Real-time Smoothing and Mapping
Real-time Smoothing and Mapping
Smoothing and Mapping (SAM) refers to the framework wherein the SLAM problem is solved using a smoothing approach rather than the commonly used filtering one. The primary computational advantage arises due to the smoothing information matrix that remains sparse without the need for any approximations. SAM is based on QR and Cholesky matrix factorizations that greatly speed up the optimization procedure leading to a very efficient algorithm.
However, the originally proposed SAM algorithm had the disadvantage of being a batch algorithm that had to recompute the solution for all the poses and features at each step. This project has the aim of producing incremental SAM algorithms that run in constant time except in rare cases. To achieve this, we have been following two parallel paths. One technique leverages the linear algebra literature relating to the update of matrix factorizations, while the other view proceeds from a graphical model view of the SLAM problem where we try to perform incremental inference.

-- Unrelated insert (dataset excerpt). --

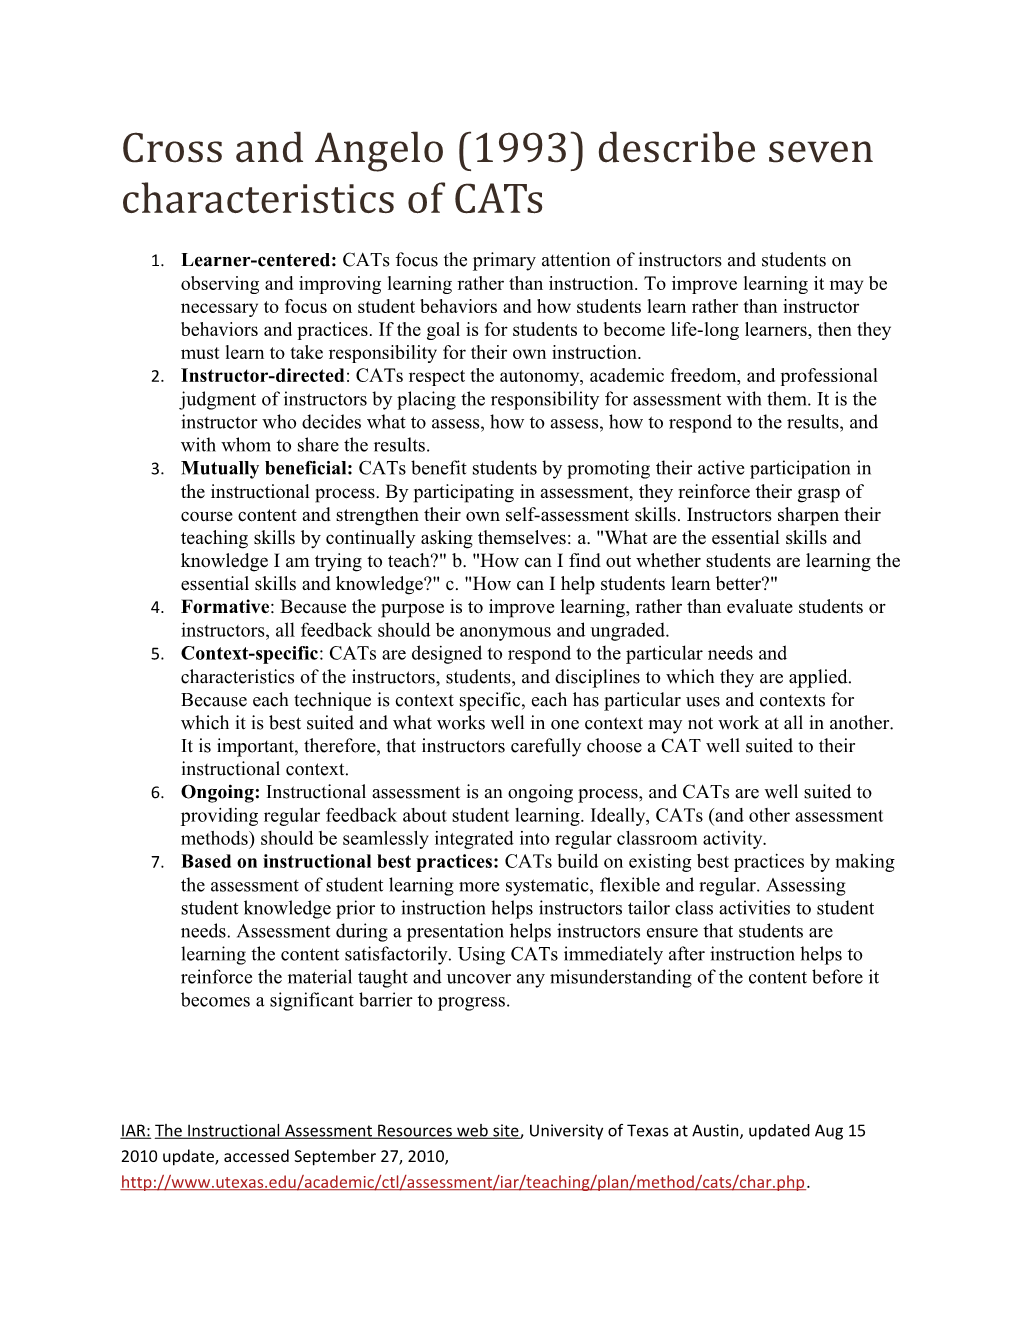 Cross and Angelo (1993) Describe Seven Characteristics of Cats

The result has been two algorithms - incremental SAM, based on Givens rotations to update the QR factorization of a matrix, and Loopy SAM, based on loopy belief propagation performed in an incremental manner so that the message updates can be done in constant time per step.
The SAM problem as an MRF
Loopy Belief Propagation on the MRF solves the SAM problem. Only the nodes near the robot (in red) are updated here.

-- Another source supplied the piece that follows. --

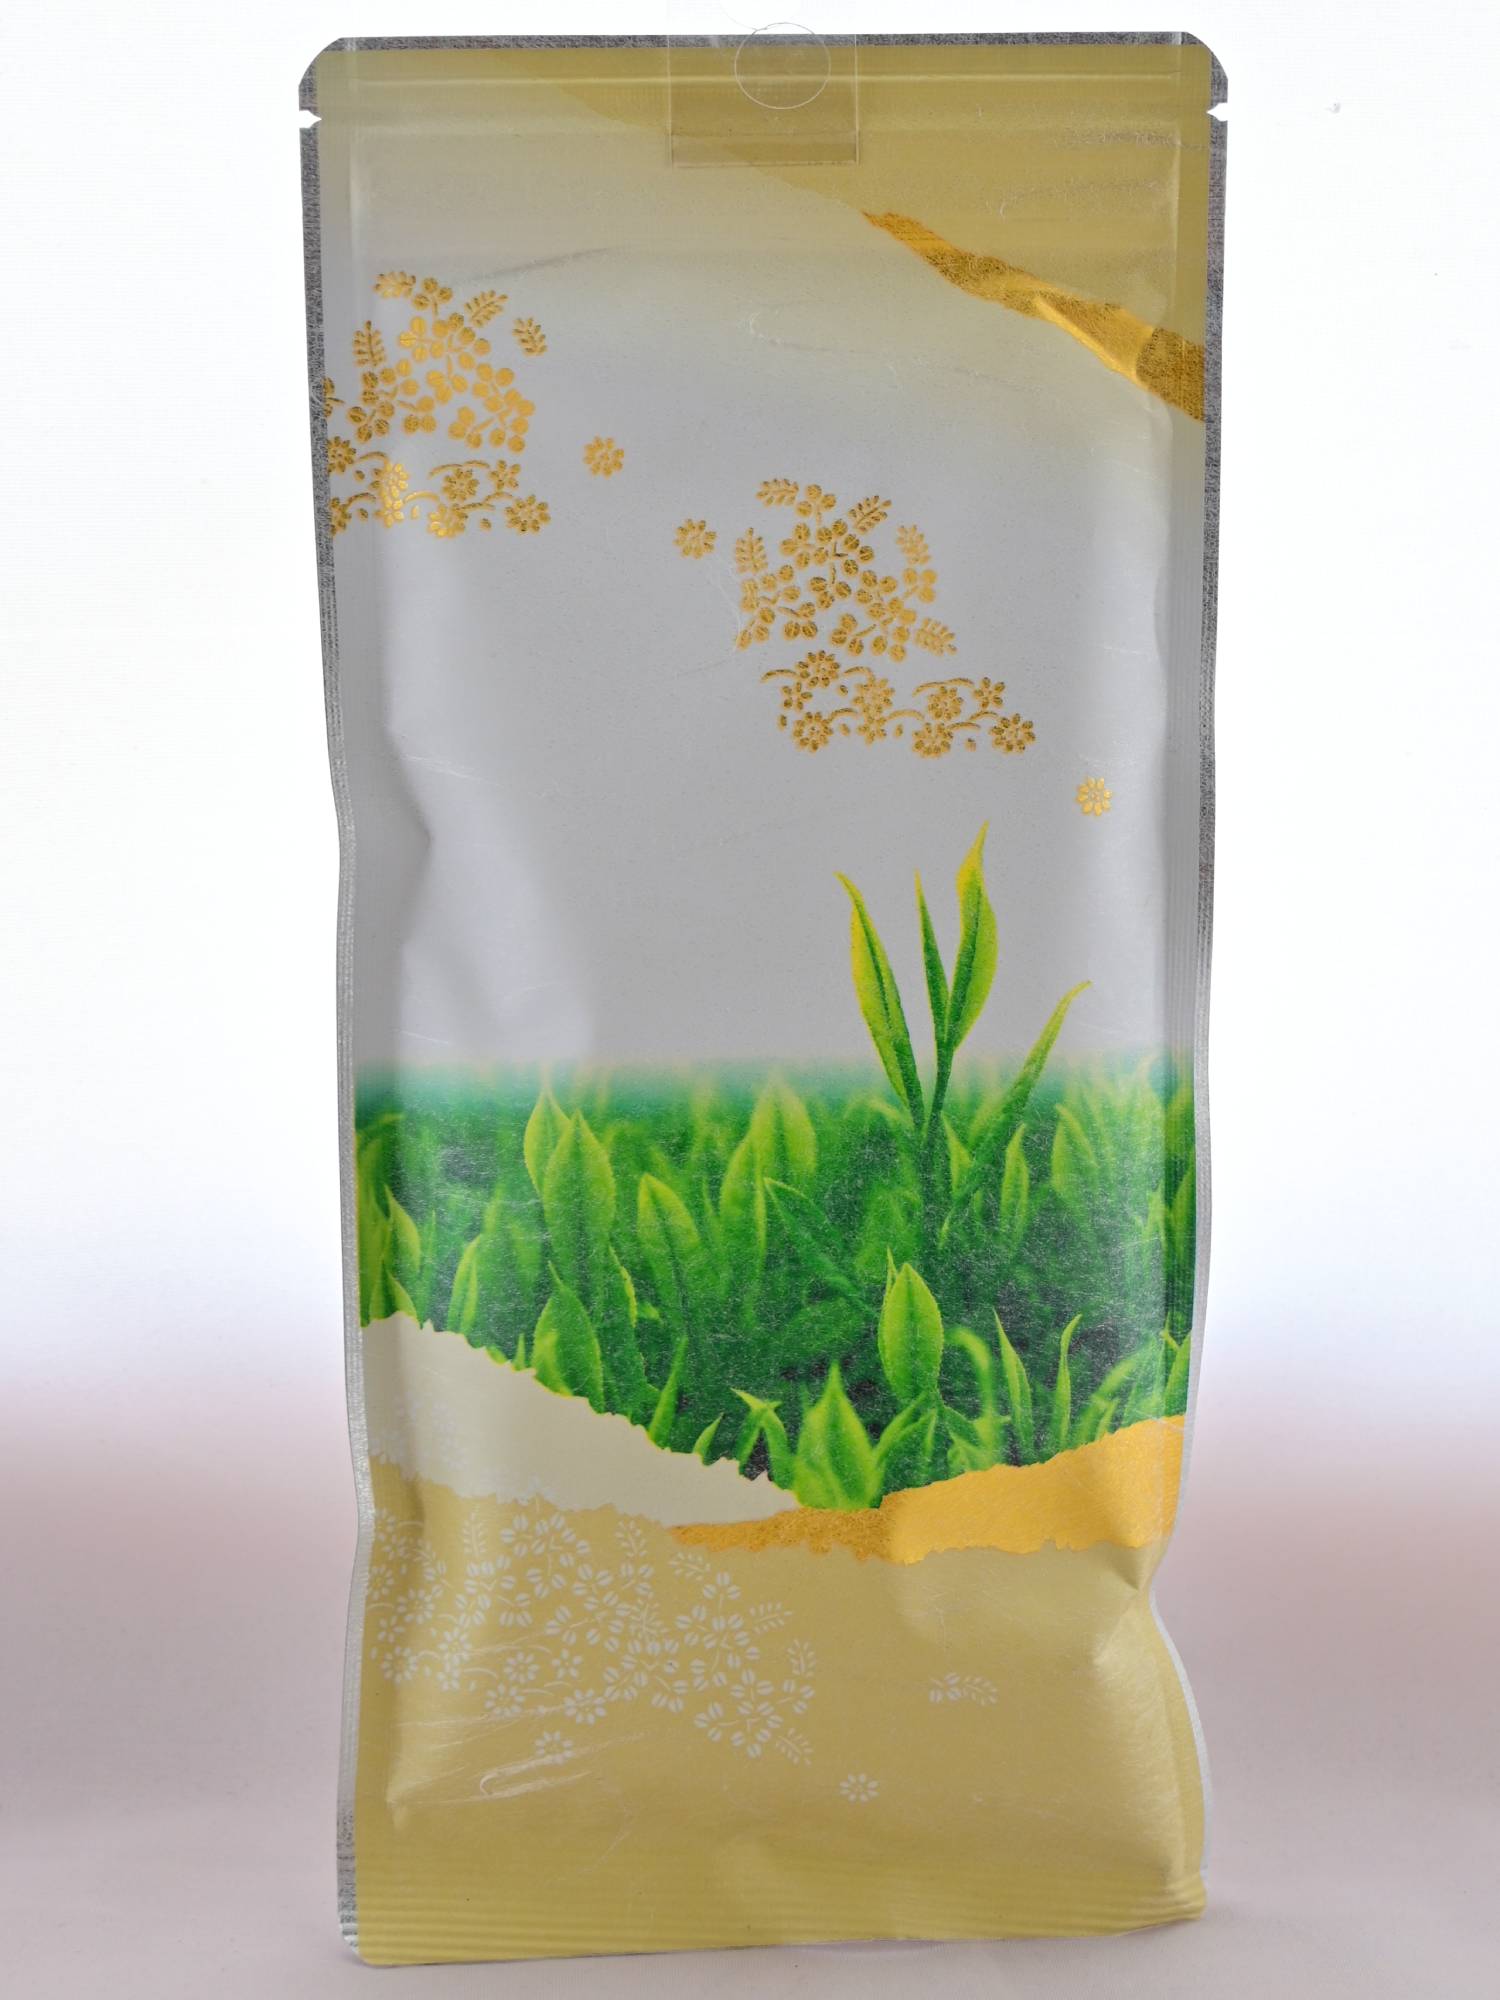 The plastic Kamacha packet has soft gold on the top and bottoms of it, with an image of the tops of tea bushes in the middle. There are golden flower fields and mountains painted along the edges. At the very top is a line of the resealable package closure.

When the factorization of matrix (here the triangular matrix R of a QR factorization) is updated incrementally upon the addition of a few rows to the original matrix, only a small portion of the entries get changed (shown in red).
Publications
•Fast Incremental Square Root Smoothing
Michael Kaess, Ananth Ranganathan, and Frank Dellaert, IJCAI 2007.
This paper introduces a matrix factorization approach to SAM by incrementally updating the Cholesky factor of the Hessian matrix for the SLAM problem. New measurements involve the addition of new rows to the Hessian. The Cholesky factor can be updated through incremental QR factorization using Givens rotations. This results in an extremely fast algorithm.
•Loopy SAM
Ananth Ranganathan, Michael Kaess, and Frank Dellaert, IJCAI 2007.

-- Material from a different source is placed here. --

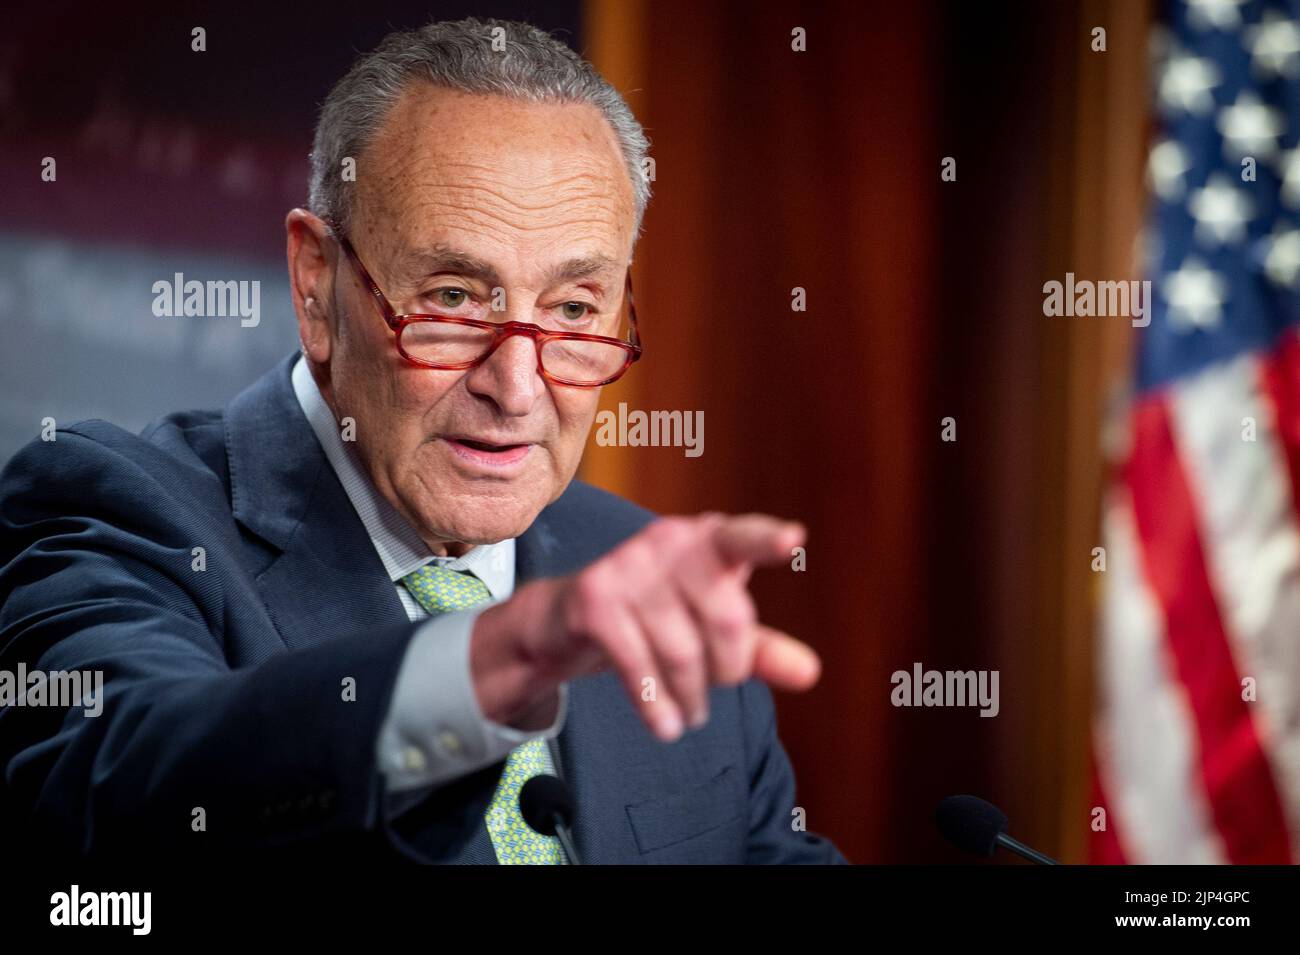 Washington, United States Of America. 28th July, 2022. United States Senate Majority Leader Chuck Schumer (Democrat of New York) responds to questions during a press conference regarding recent legislation at the US Capitol in Washington, DC, Thursday, July 28, 2022. Credit: Rod Lamkey/CNP/AdMedia/Newscom/Alamy Live News Stock Photo

This paper formulates the SLAM problem as a Markov Random Field (MRF) on which inference is done through loopy belief propagation to obtain the estimates of the robot and landmark locations. We show that when the robot is not closing a loop, each step involves the addition of a few nodes to the MRF. The resulting loopy belief update does not affect the whole MRF graph when messages are thresholded, resulting in a fast algorithm. We also provide a theoretical proof showing the equality between Gauss-Seidel elimination on the MRF matrix and loopy belief propagation on the MRF graph.